La respuesta de Michi llegó demasiado pronto como para ser cierta. De hecho, sí tenía miedo, pero no tanto por él, sino más bien por Trudi. Desde la desaparición de Marie se había unido estrechamente a Eva y se había ocupado de la pequeña, a quien consideraba su hermana, y se había jurado llevarla con su madre cuanto antes. Ella adoptaría a Trudi y la cuidaría. Sin embargo, a sus ojos, Rheinsobern quedaba casi al otro extremo del mundo, y —entretanto lo había comprendido— jamás lograría llegar a su destino sin una bolsa repleta de monedas. Hasta ese día había abrigado la esperanza de poder ir ahorrando dinero suficiente como para poder llevar a Trudi a su casa el próximo otoño haciendo diversos encargos.
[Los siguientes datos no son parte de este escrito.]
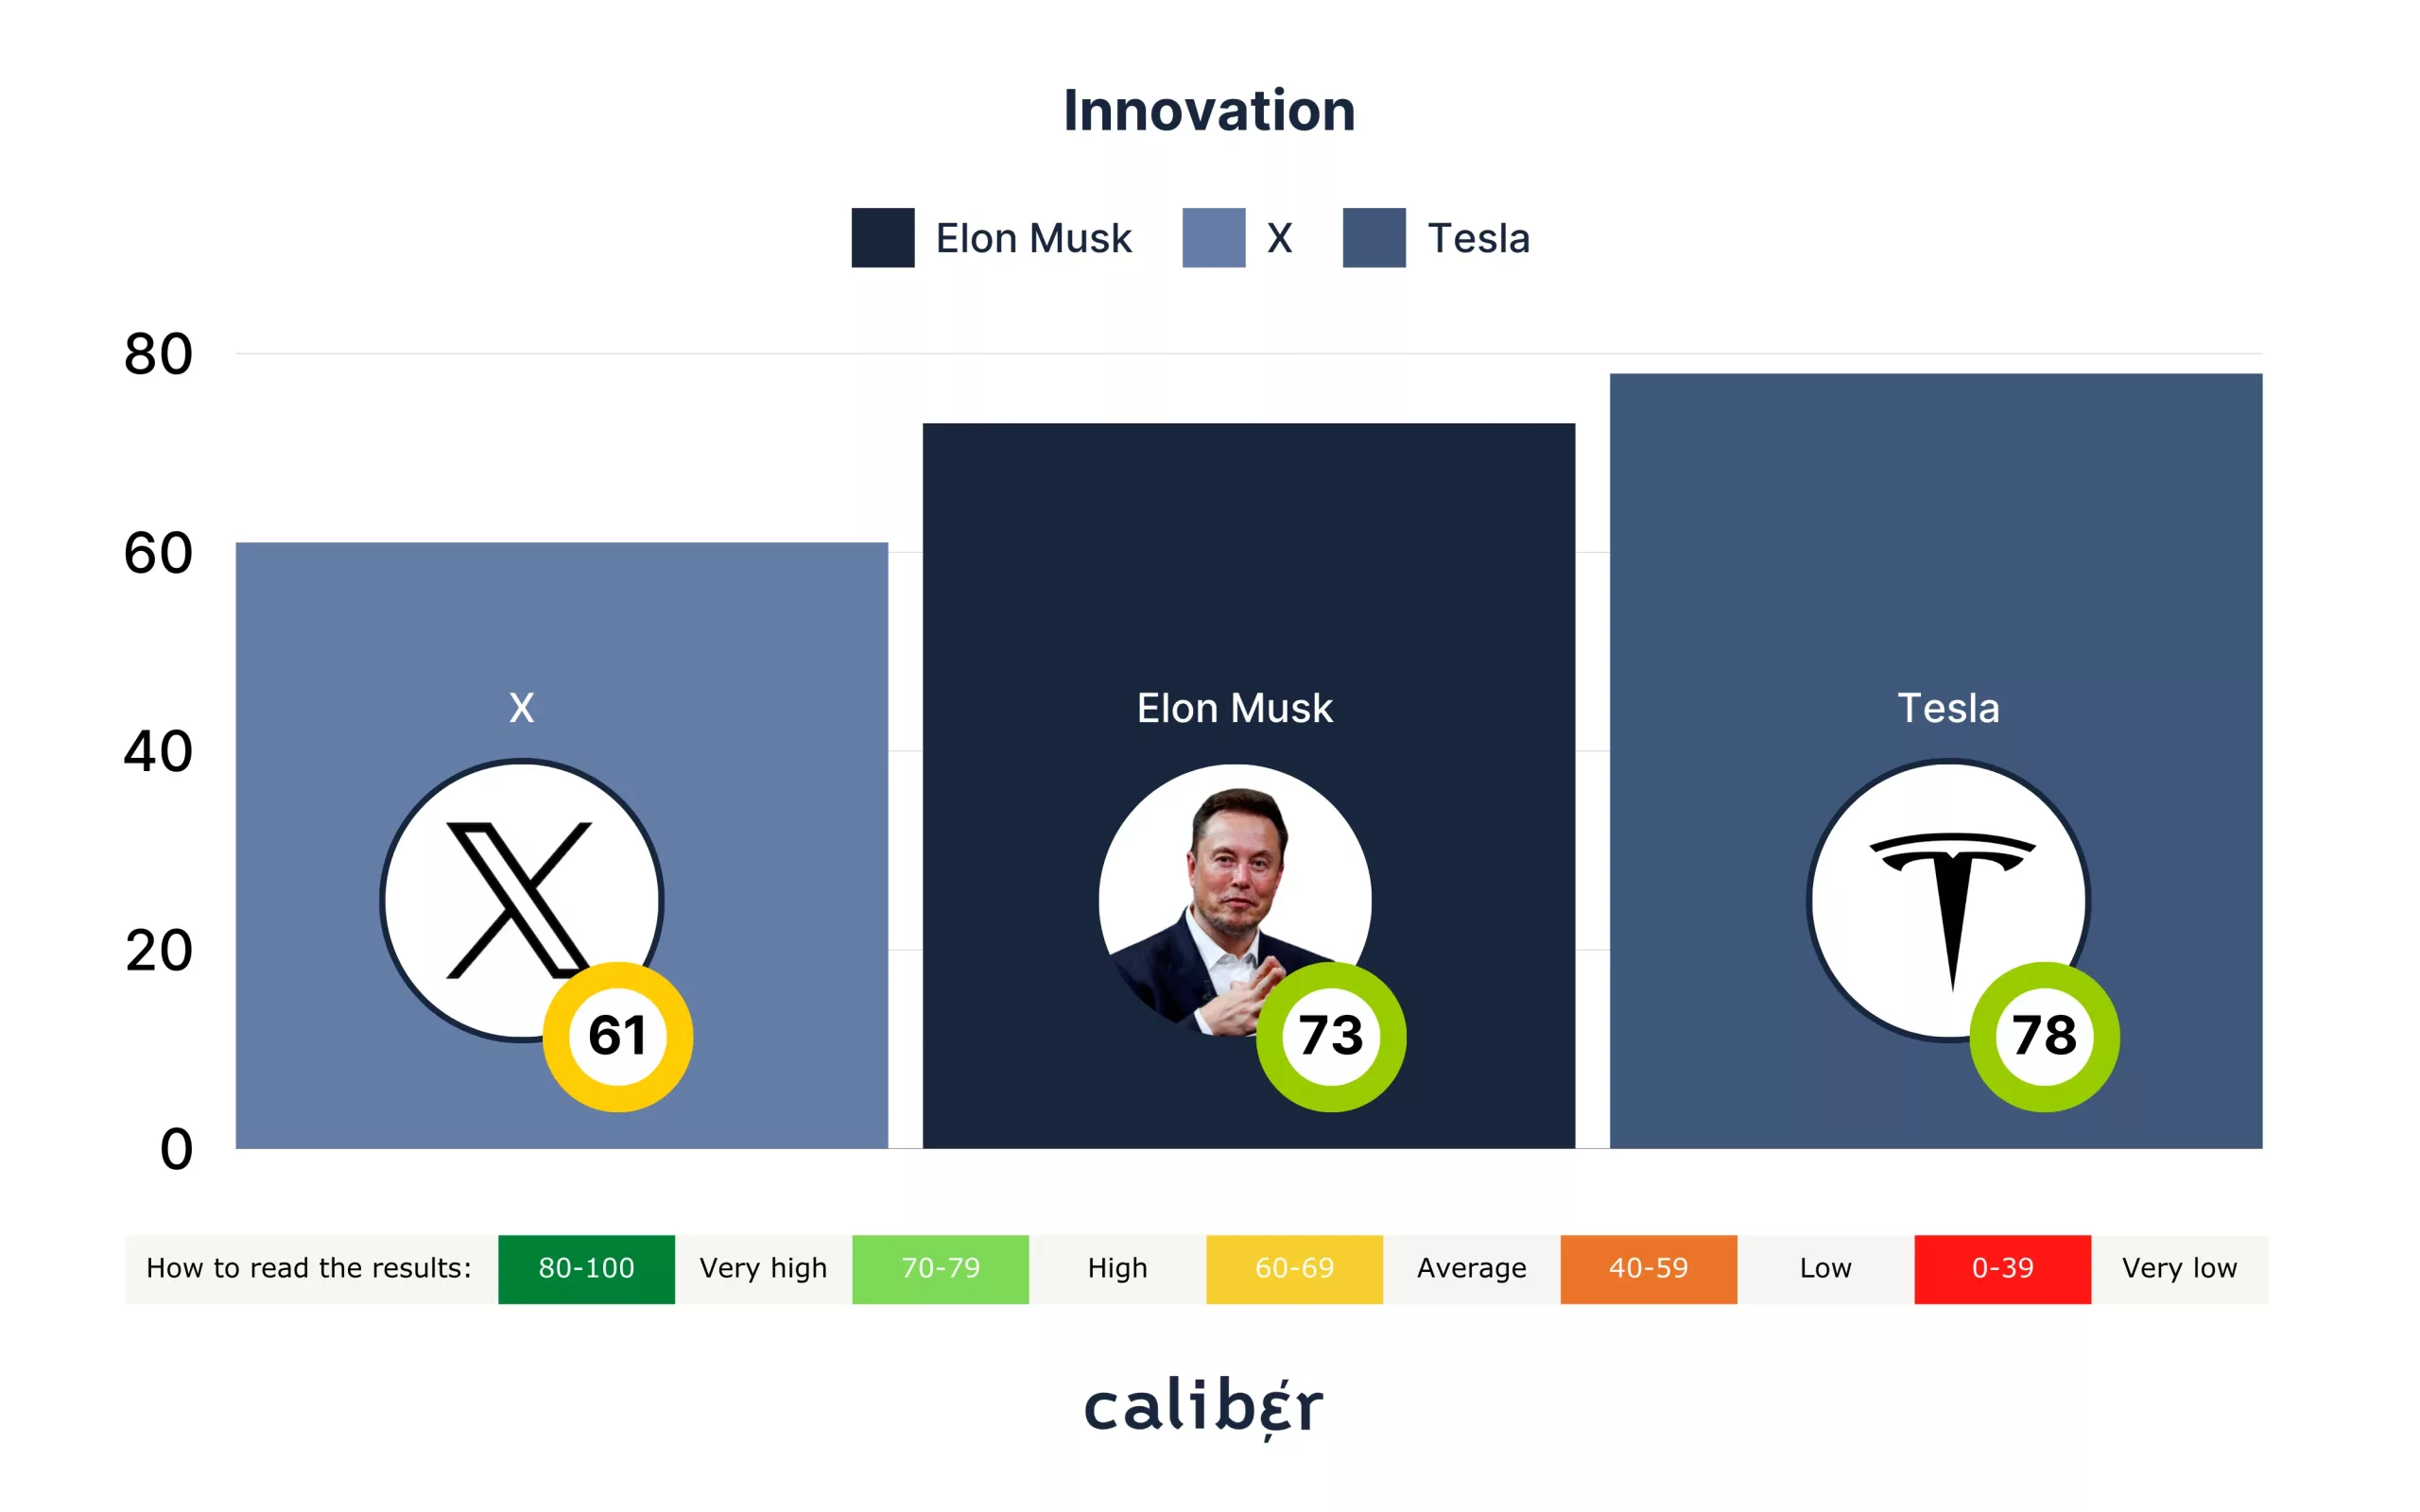 Elon Musk Innovation Score

Pero ahora parecía que no le quedaría más remedio que llevarla a un viaje sin retorno. Buscó desesperadamente una salida, ya que le debía a su madre y a Marie evitar poner en peligro la vida de la pequeña. Görch podía ayudarlo tan poco como Eva o el caballero Heinrich, por eso se despidió del escudero y abandonó el campamento para dirigirse hacia Núremberg.
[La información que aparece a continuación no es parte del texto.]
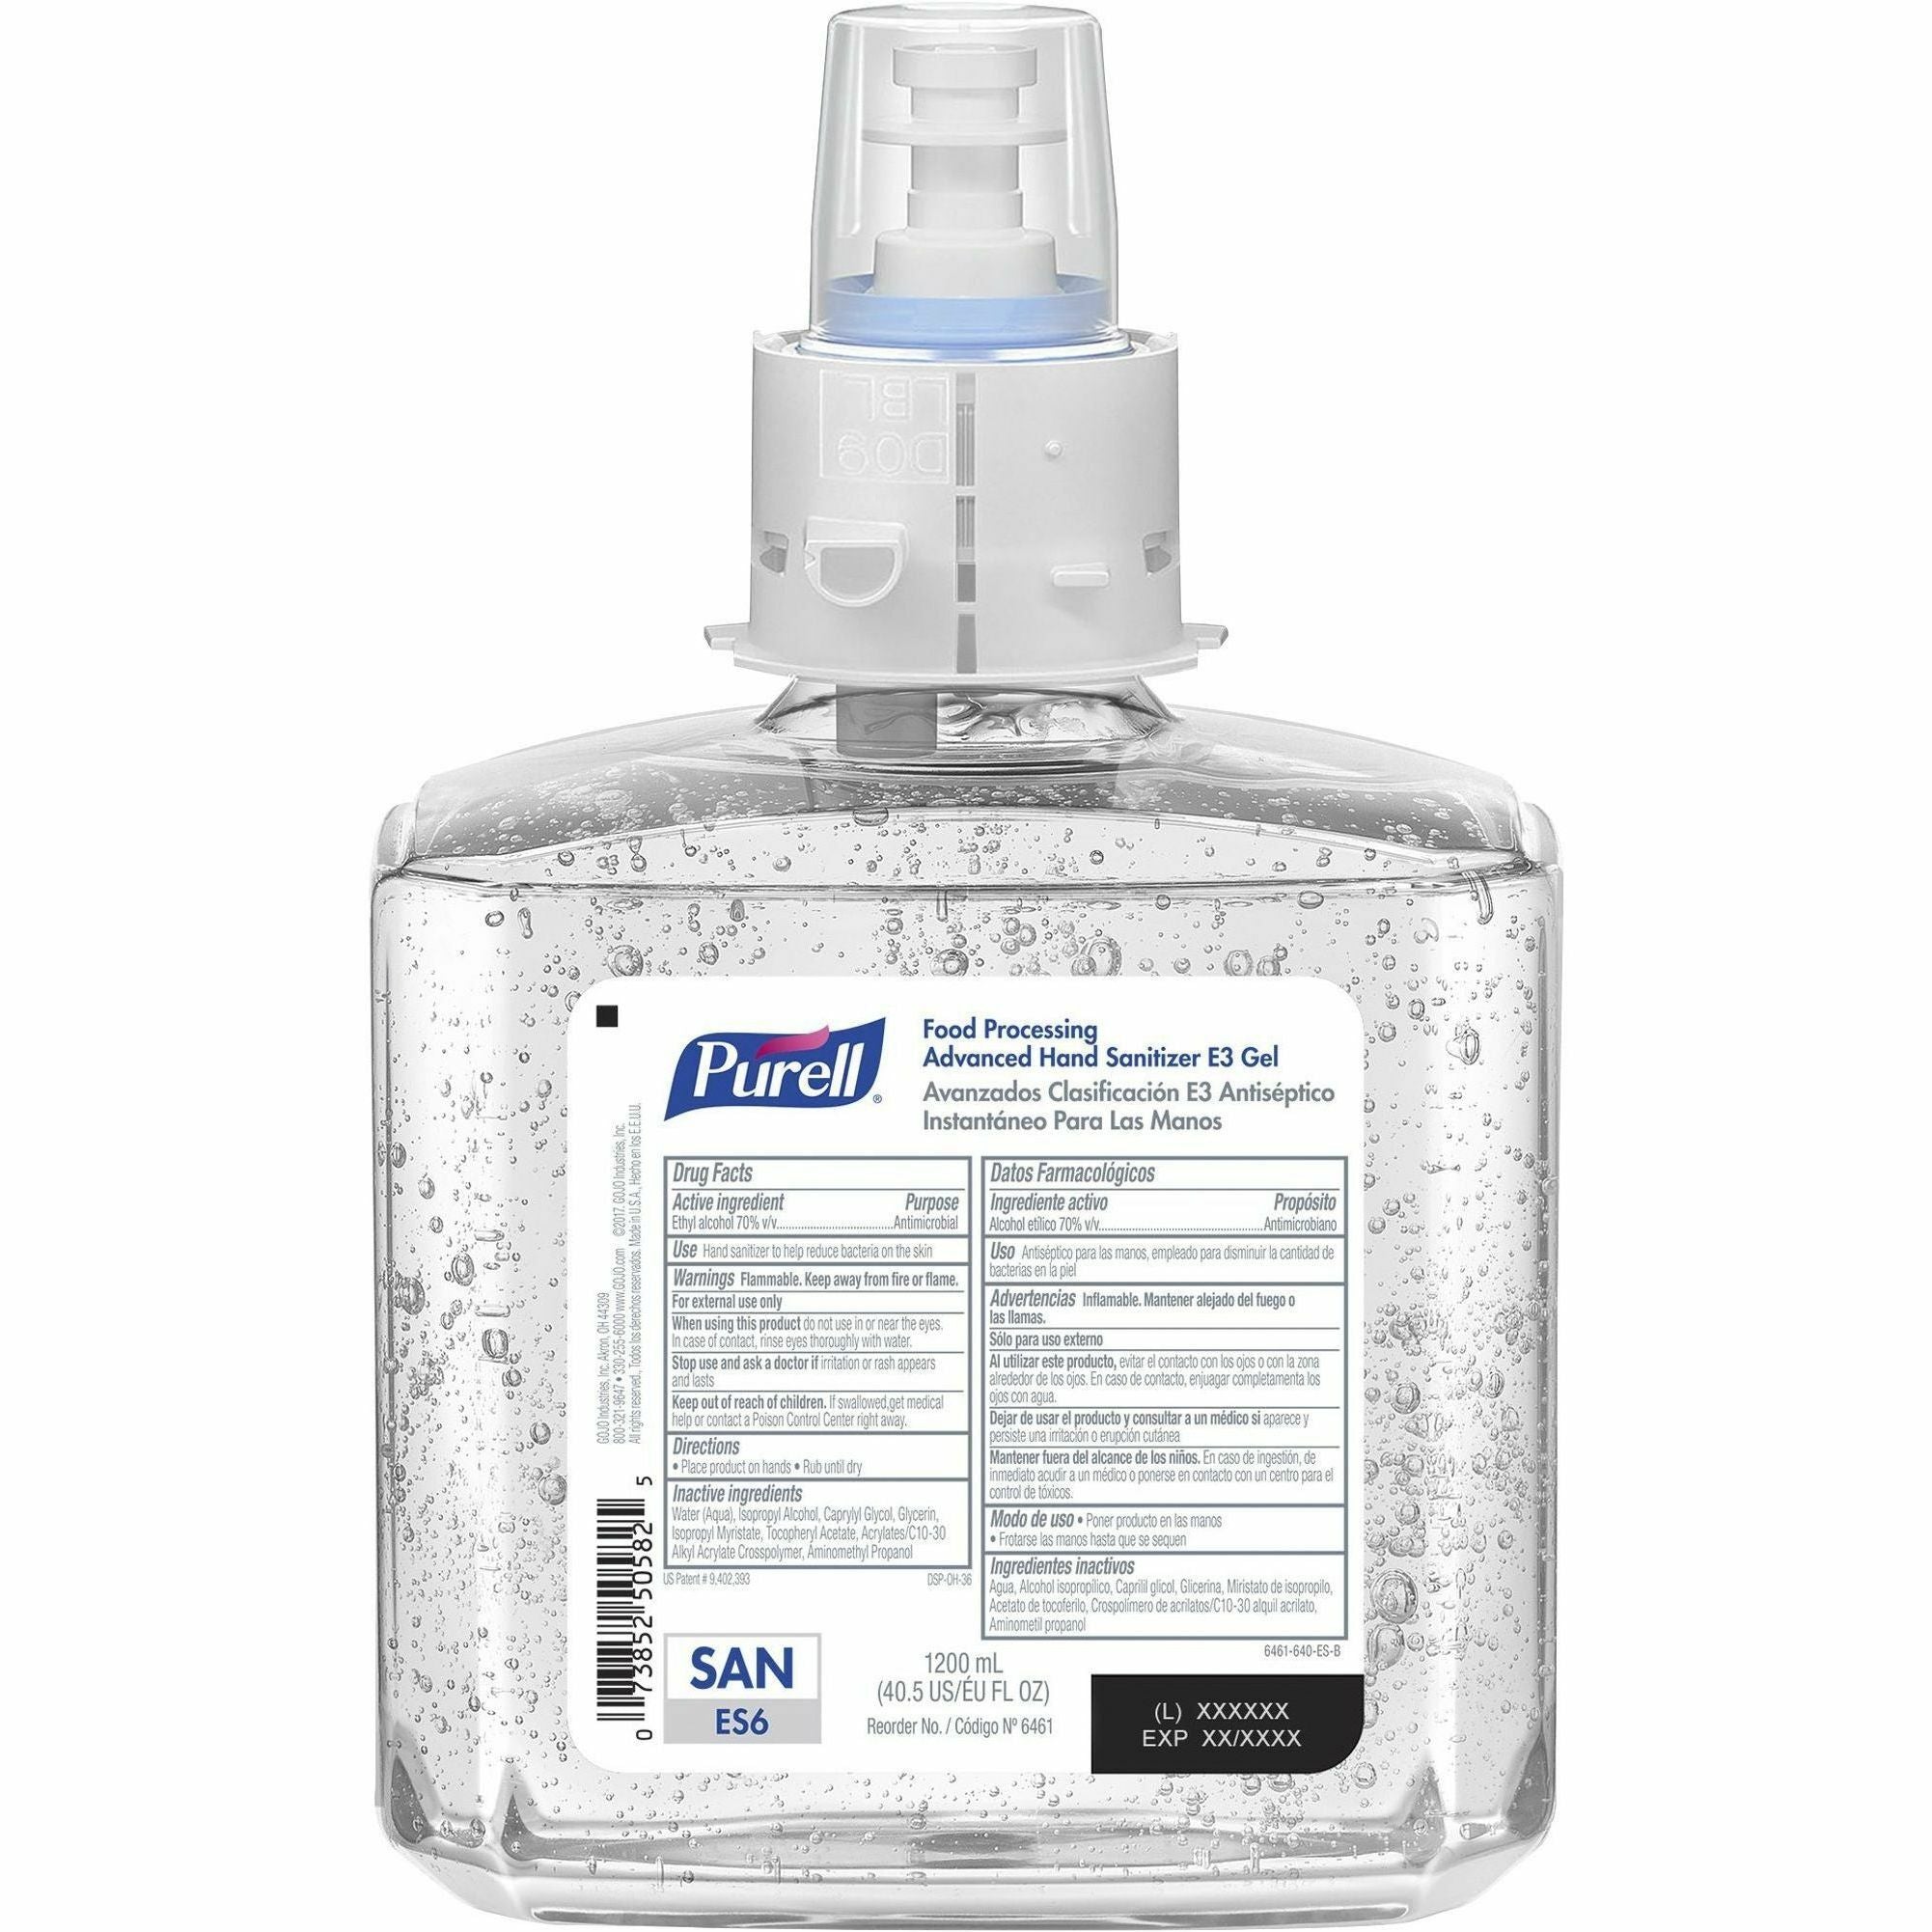 purell-hand-sanitizer-gel-refill-406-fl-oz-1200-ml-bacteria-remover-kill-germs-food-remover-hand-dye-free-fragrance-free-no-rinse-hygienic-1-carton_goj646102 - 2

En la puerta de ciudad, los soldados rasos y los bagajeros eran rechazados de inmediato si no venían con algún mensaje y podían mostrar una carta lacrada a modo de prueba. Por eso, al llegar a la ciudad, Michi se puso detrás de un carro tirado por un flaco rocín sobre el cual iba sentado un solo hombre, y se puso a empujar el coche desde atrás como si fuera con él. Como seguía teniendo ropa de campesino, los guardias cayeron en la trampa, de modo que Michi pudo franquear las puertas sin que nadie opusiese resistencia. Una vez que quedó fuera del alcance de su vista, soltó el carro y se deslizó por entre los transeúntes hasta meterse en una callecita lateral. Poco después llegó a una casa torcida por los años, de estructura angosta y paredes entramadas, cuya pared posterior había sido construida apoyándose contra la muralla de la ciudad, e hizo sonar el llamador carcomido por el viento y el clima.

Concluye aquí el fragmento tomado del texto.